A variety of factors are known to induce Src and FAK activation. VEGF is one of the molecules that can stimulate the phosphorylation of FAK through Src family activation. To determine whether Src www.selleckchem.com/products/PF-2341066.html and/or FAK can be activated when glioma cells are treated with conditioned medium, first we investigated the activation status of VEGF Inhibitors,Modulators,Libraries receptor 2 after treatment with IR CM. As shown in Figure 5A, treatment of U251 glioma cells with IR CM enhanced phosphorylated VEGFR2 at both Y996 and Y1059. Increased phosphorylation of VEGFR2 was miti gated by adding VEGF antibody in IR CM. To determine the effects of VEGF in IR CM on down stream signaling of VEGFR2, we investigated the status of Src and FAK phosphorylation with IR CM treatment. In Figure 5B, treatment of U251 glioma cells with IR CM enhanced phosphorylation of Src kinase at Y461.

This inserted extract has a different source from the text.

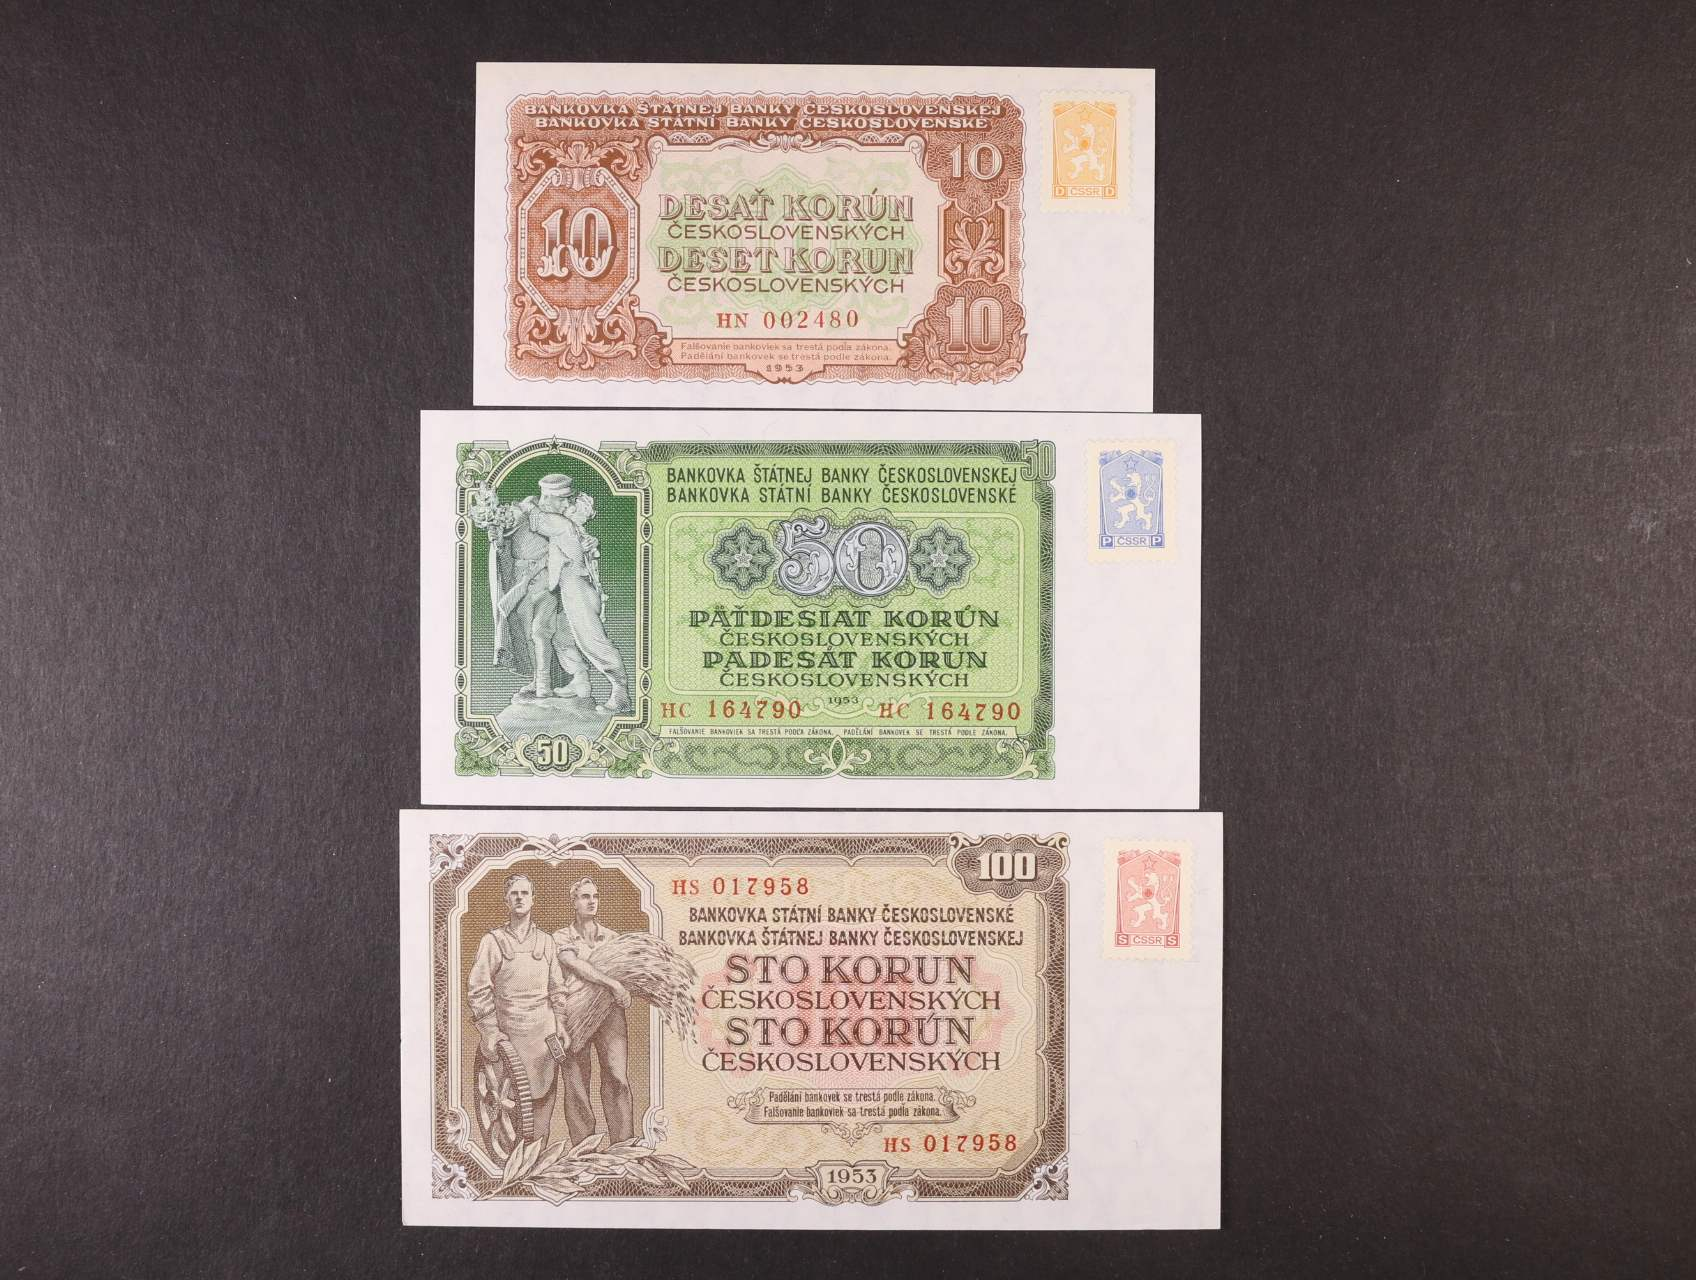 sada nevydaných kolků vzoru 1962 s ozn. D, P, S, nalepené na bankovách 10 Kčs, 50 Kčs a 100 Kčs 1953, jedna z teoretických možností dobového použití

Moreover, after 16 h of incubation of GBM glioma cells with IR CM, U251 cells also expressed increased phosphorylation of FAK at both Y861 and Y925. To determine whether the enhancement of phosphorylation of Src and FAK in Inhibitors,Modulators,Libraries response to IR CM was due to the effects of VEGF in IR CM, anti VEGF antibody was added to IR CM. Inhibitors,Modulators,Libraries Anti VEGF antibody in IR CM effec tively blocked Src and FAK phosphorylation. Taken together, our data show VEGF in IR CM can phosphorylate VEGFR2, leading to a VEGFR2 mediated downstream signaling cascade, thereby mediating enhanced cellular invasion and migration in GBM tumor cells. Discussion Cytokines are released in response to a diverse range of cellular stresses such as infection, inflammation and injury, and regulate a variety of cellular functions.

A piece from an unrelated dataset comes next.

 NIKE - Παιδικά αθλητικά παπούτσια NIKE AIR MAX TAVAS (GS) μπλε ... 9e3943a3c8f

It has been reported that alteration of cytokines can change cellular interactions. VEGF is an important angiogenic factor Inhibitors,Modulators,Libraries and induces a potent mito genic signal for endothelial cells by binding VEGFRs on endothelial cells. Expression of VEGFRs, however, has also been identified Inhibitors,Modulators,Libraries in other cell types, including glio blastoma cell lines. These data suggest that, in addi tion to angiogenic function, VEGF may affect the function of cancer cells that express VEGFRs. In the present study, we evaluated the alteration of the extracellular VEGF concentration in two GBM cell lines in response to a range of radiation doses. VEGF concentra tion in each cell line after radiation increased and showed a peak level at conventional daily radiation doses.

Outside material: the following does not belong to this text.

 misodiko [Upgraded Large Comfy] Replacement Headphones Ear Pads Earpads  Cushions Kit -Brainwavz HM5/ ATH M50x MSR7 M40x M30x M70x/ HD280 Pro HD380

Y-27632 DOCA With higher doses, however, we found that VEGF concentration did not further increase. Our results are similar to another study, which showed increased VEGF levels in conditioned medium 24 h after radiation but the increase did not occur in a radiation dose dependent manner. Moreover, increased VEGF levels in IR CM resulted from radiation induced increased VEGF tran scription in glioma cells. These results suggest that glioma cells produce and secrete VEGF after a con ventional dose of radiation.